The dead are either buried or cremated. The corpse is carried to the burning or burial-ground on a bier or palanquin. As the Agamudaiyans are Saivites, Pandārams assist at the funeral ceremonies. On the second or third day after death, the son and others go to the spot where the corpse was buried or burnt, and offer food, etc., to the deceased. A pot of water is left at the spot. Those who are particular about performing the death ceremonies on an elaborate scale offer cooked food to the soul of dead person until the fifteenth day, and carry out the final death ceremonies (karmāndhiram) on the sixteenth day. Presents are then given to Brāhmans, and, after the death pollution has been removed by sprinkling with holy water (punyāham), a feast is given to the relatives.

The Agamudaiyans worship various minor deities, such as Aiyanar, Pidāri, and Karupannaswāmi.

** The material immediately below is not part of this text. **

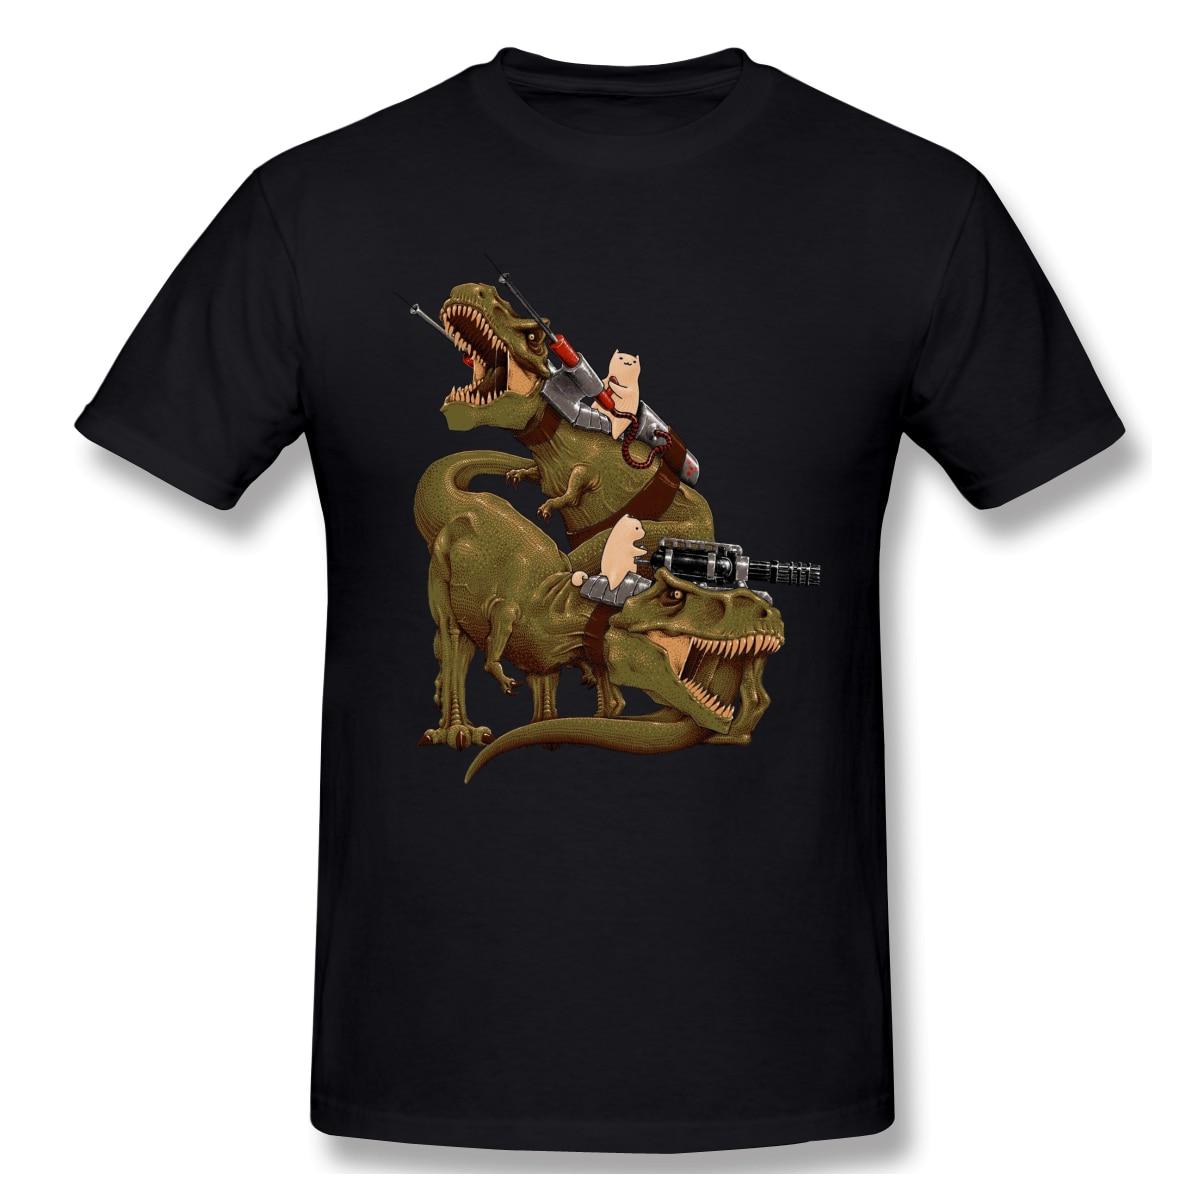 CATS RIDING T-REXS Print New Summer Cotton Funny T Shirts Short sleeves T-shirt Men Fashion Streetwear Tide brand

Agaru.—Agaru, or Avaru, is recorded, in the Madras Census Report, 1901, as a small caste of Telugu cultivators in Vizagapatam and Ganjam, who are also sellers of vegetables and betel leaves. Agaru is said to mean betel in their language, which they call Bhāsha, and contains a good deal of Oriya. An extensive colony of Agarus is settled at Nellimerla near Vizianagram. Both males and females engage in the cultivation of the betel vine, and different kinds of greens, which find a ready sale in the Vizianagram market. Marriage is usually after puberty, and an Oriya Brāhman officiates. The dead are burnt.

Agarwāl.—A few members of this Upper India trading caste, who deal in grain and jewellery, and are also bankers and usurers, have been returned at times of census.

Agasa.—In the South Canara district, there are three distinct classes of washermen, viz., (1) Konkani Christians; (2) Canarese-speaking washermen, who seem to be allied to the Agasas of Mysore; (3) Tulu-speaking washermen. The Tulu-speaking Agasas follow the aliya santāna law of inheritance (in the female line). Madivāla (madi, a clean cloth) is a synonym for Agasa. The word Agasa is derived from agasi, a turban.

The Agasas of Mysore have been described as follows.11 “The Agasa is a member of the village hierarchy, his office being hereditary, and his remuneration being grain fees from the ryots. Besides washing, he occasionally ekes out his substance by carrying on his donkeys grain from place to place. He is also employed in bearing the torch in marriage and other public ceremonies. The principal object of worship is the pot of boiling water (ubbe), in which dirty clothes are steeped. Animals are sacrificed to the god with the view of preventing the clothes being burnt in the ubbe pot. Under the name of Bhūma Dēva, there are temples dedicated to this god in some large towns, the service being conducted by pūjāris (priests) of the Agasa caste. The Agasas are Vishnuvaits, and pray to Vishnu, Pattalamma, and the Saktis. Their gurus (religious preceptors) are Sātānis. A unique custom is attached to the washerman’s office. When a girl-wife attains puberty, it is the duty and privilege of the washerman to carry the news, accompanied by certain presents, to her husband’s parents, for which the messenger is duly rewarded.”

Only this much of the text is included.